A linear map without any minimal polynomial

Given an endomorphism \(T\) on a finite-dimensional vector space \(V\) over a field \(\mathbb F\), the minimal polynomial \(\mu_T\) of \(T\) is well defined as the generator (unique up to units in \(\mathbb F\)) of the ideal:\[
I_T= \{p \in \mathbb F[t]\ ; \ p(T)=0\}.\]

For infinite-dimensional vector spaces, the minimal polynomial might not be defined. Let’s provide an example.
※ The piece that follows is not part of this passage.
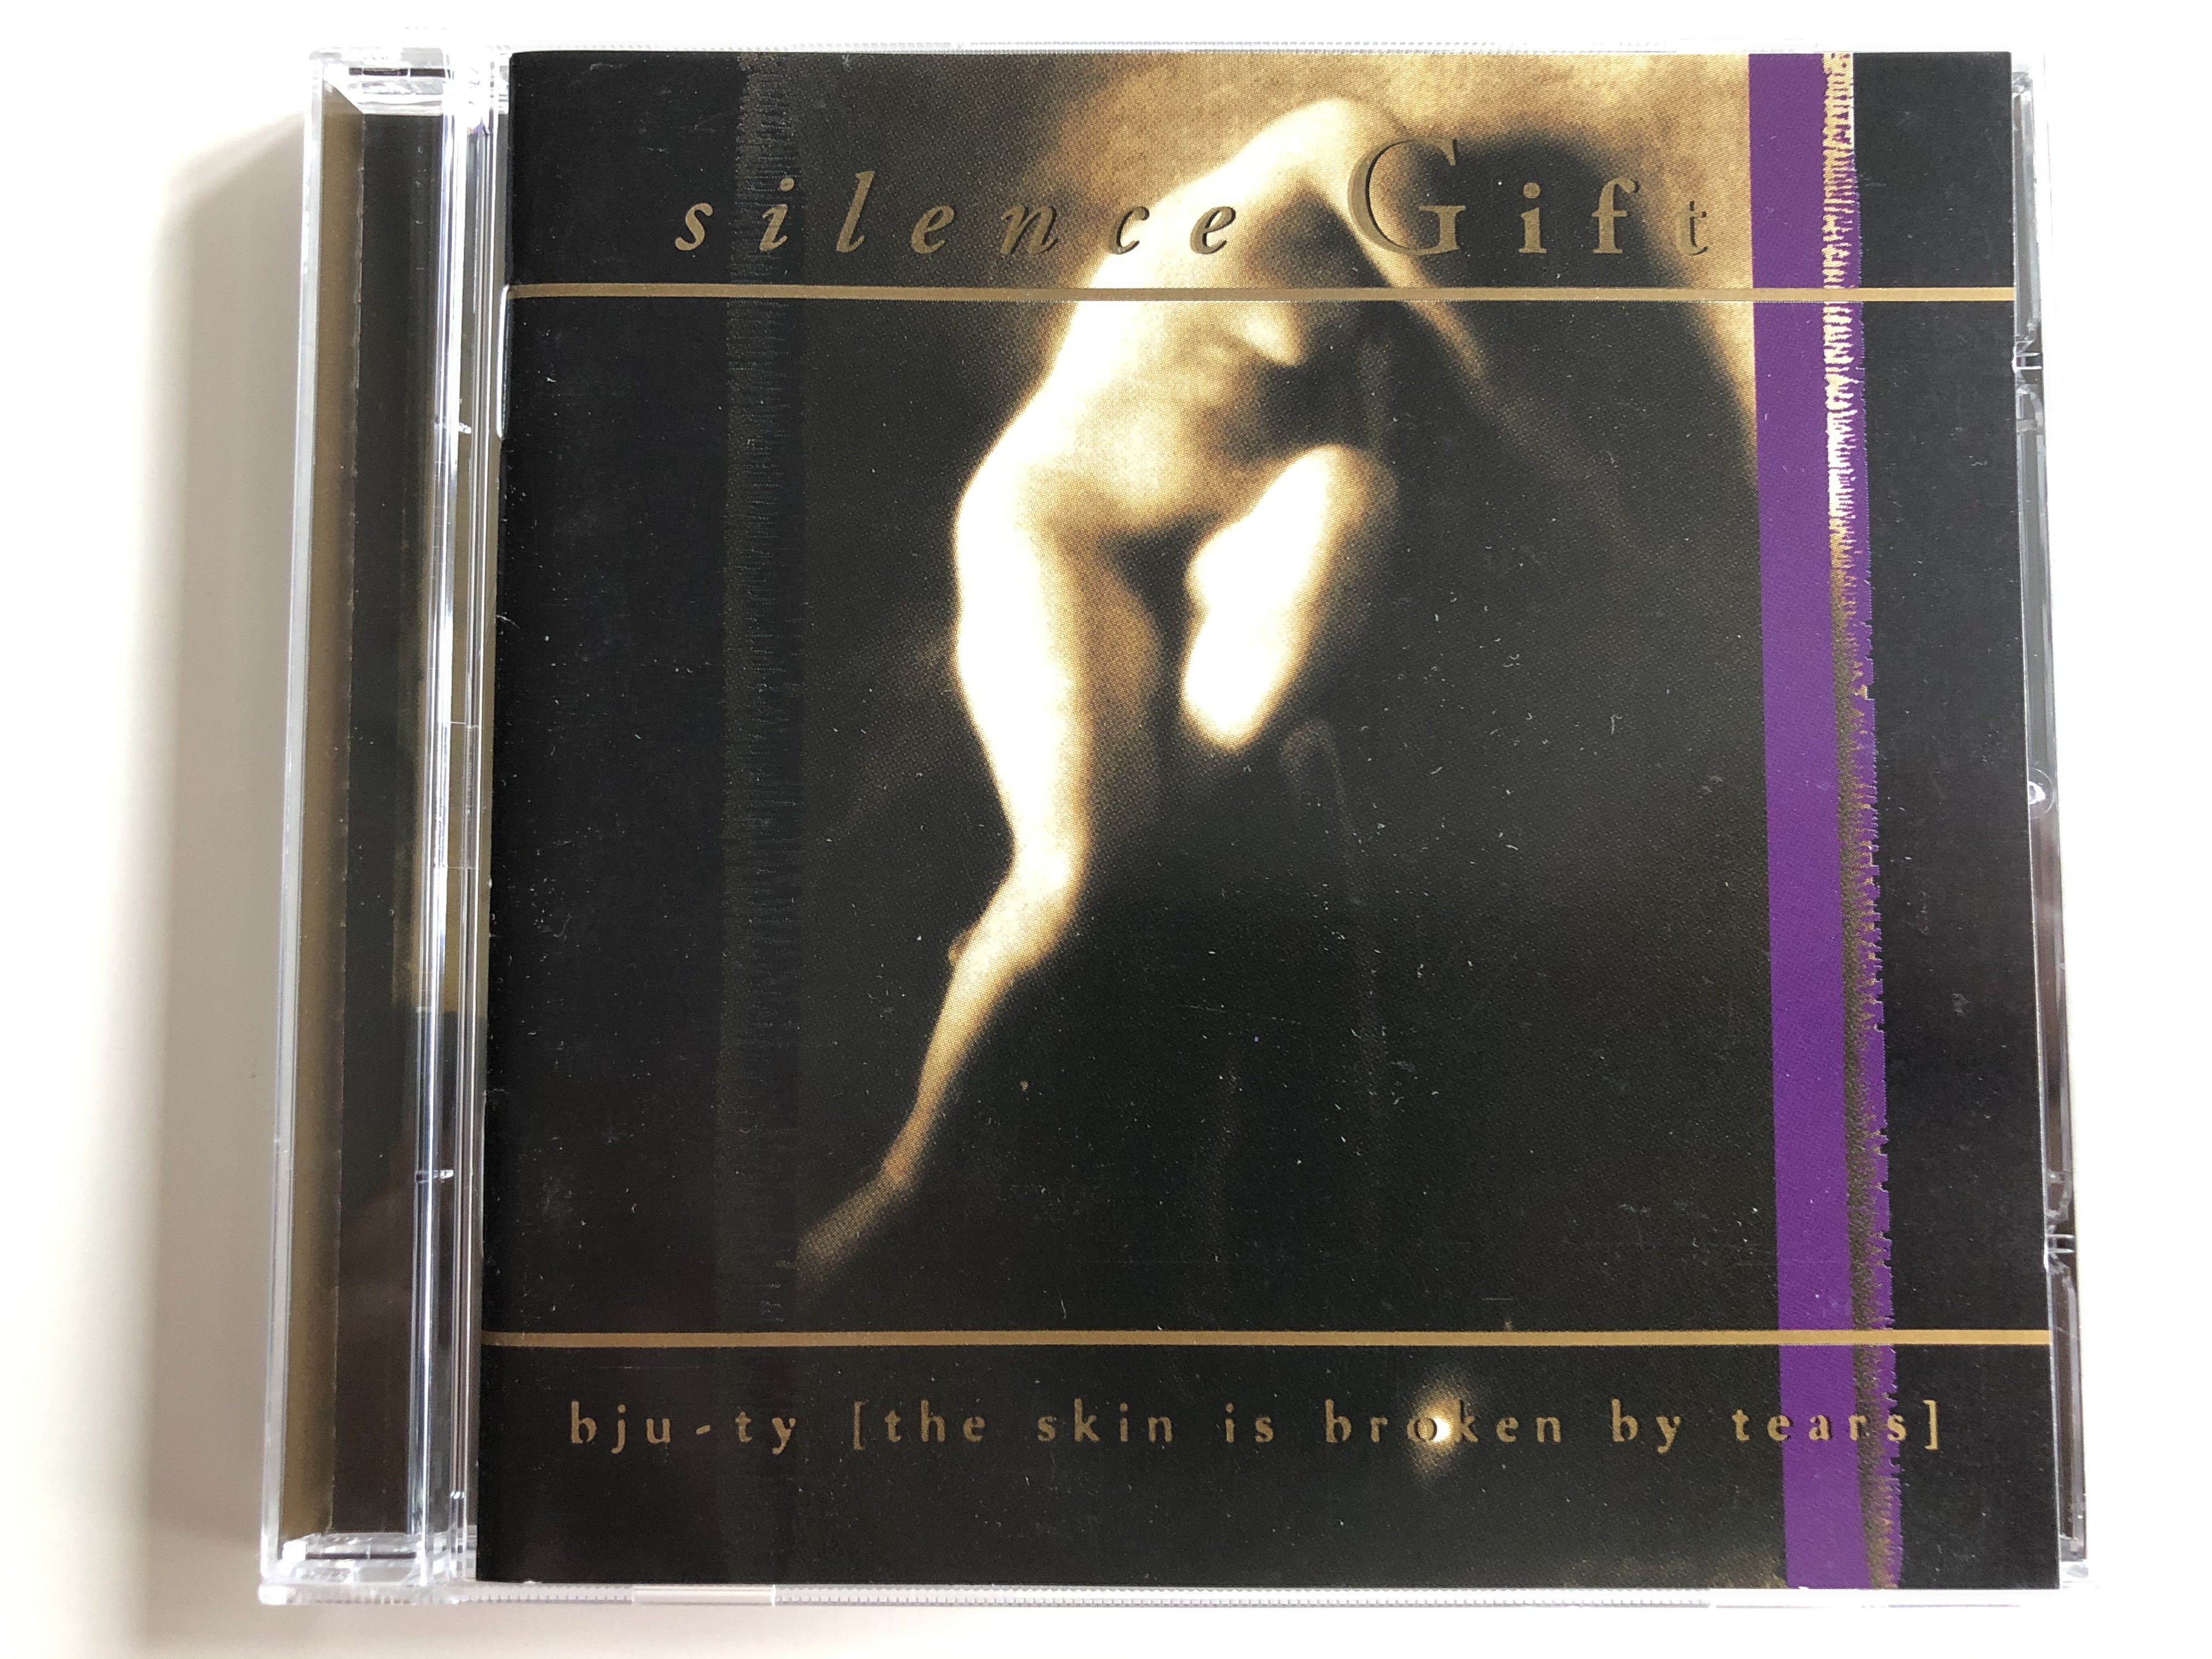 silence-gift-bju-ty-the-skin-is-broken-by-tears-hyperium-records-audio-cd-1994-39101002-42-1-.jpg

We take the real polynomials \(V = \mathbb R [t]\) as a real vector space and consider the derivative map \(D : P \mapsto P^\prime\). Let’s prove that \(D\) doesn’t have any minimal polynomial. By contradiction, suppose that \[
\mu_D(t) = a_0 + a_1 t + \dots + a_n t^n \text{ with } a_n \neq 0\] is the minimal polynomial of \(D\), which means that for all \(P \in \mathbb R[t]\) we have \[
a_0 + a_1 P^\prime + \dots + a_n P^{(n)} = 0.\] Taking for \(P\) the polynomial \(t^n\) we get \[
a_0 t^n + n a_1 t^{n-1} + \dots + n! a_n = 0,\] which doesn’t make sense as \(n! a_n \neq 0\), hence \(a_0 t^n + n a_1 t^{n-1} + \dots + n! a_n\) cannot be the zero polynomial.

We conclude that \(D\) doesn’t have any minimal polynomial.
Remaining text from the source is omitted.